At 17, Indian-origin girl gets into all Ivy League schools
WASHINGTON: At just 17, an Indian-origin girl has earned admission to 14 top US universities, including all eight Ivy League schools that are considered the most prestigious varsities worldwide.
Virginia-born Pooja Chandrashekar decided to apply to all eight colleges hoping to get into just one of them. But now she has the choice to get into Harvard, Yale, Princeton, Cornell, Dartmouth, Columbia, Brown, and the University of Pennsylvania besides six other elite universities in the US, including Stanford and MIT.
Pooja, the only daughter of two engineers who immigrated to the US from Bangalore, got a SAT score of 2390 out of 2400, a 4.57 grade point average and aced all 13 of her Advanced Placement exams.
The brainy teenager, who graduated from Thomas Jefferson High School for Science and Technology, a top-ranked magnet school in Virginia, has developed a mobile app that analyses speech patterns and predicts with 96 per cent accuracy if a person has Parkinson’s disease. She has also founded a organisation that encourages middle-school American girls to participate in science, technology, engineering and math (STEM) programmes. Pooja said that she decided to apply to all eight ivies hoping to get into just one of them, “because college admissions are really unpredictable.”
“They are all fantastic schools, so I couldn’t discount any of them…I wanted to make sure I could get into a really good school and have more choices,” she told The Washington Post.

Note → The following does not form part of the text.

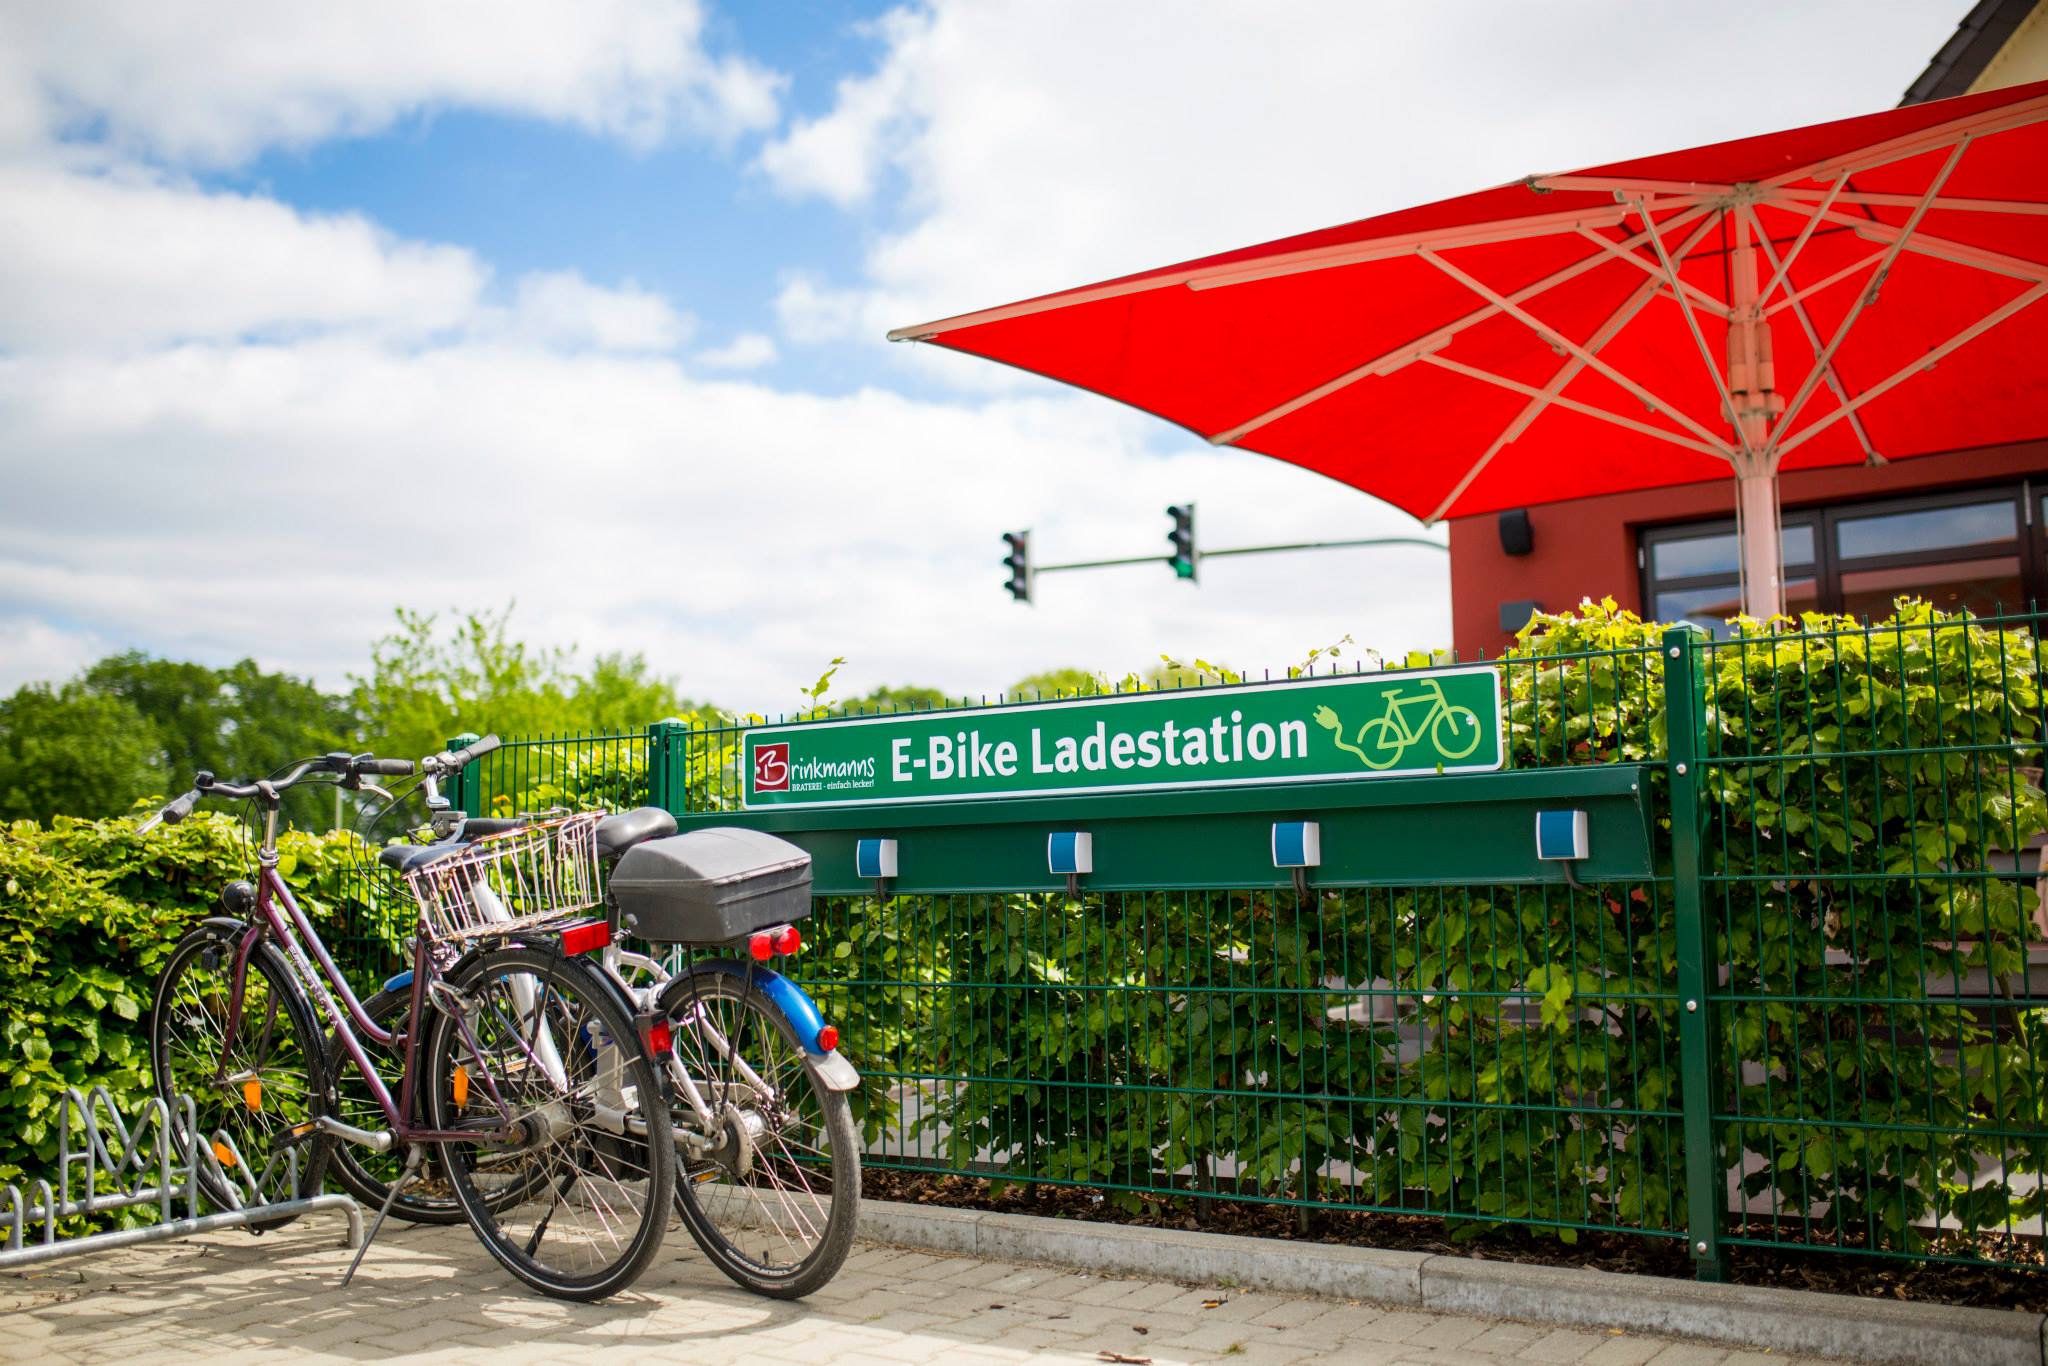 Sonnenbeschienene E-Bike-Ladestation von 'Brinkmanns Braterei' neben geparkten Fahrrädern, mit einem großen roten Sonnenschirm im Hintergrund, der über einer grünen Hecke schwebt.

She has narrowed her list to Harvard, Stanford and Brown, where she got into a programme that guarantees her admission to the university’s medical school. Pooja said that what sets her apart is her passion for promoting STEM among young girls. Her non-profit ProjectCSGirls, hosts nationwide computer science competitions, “dedicated to closing the tech gender gap.”
She wrote one of her college application essays about being a woman interested in a career in computer science, a field long dominated by men. She said she was often one of just a handful of girls in her high school technology classes. “I want to encourage diversity in the field,” she told the daily.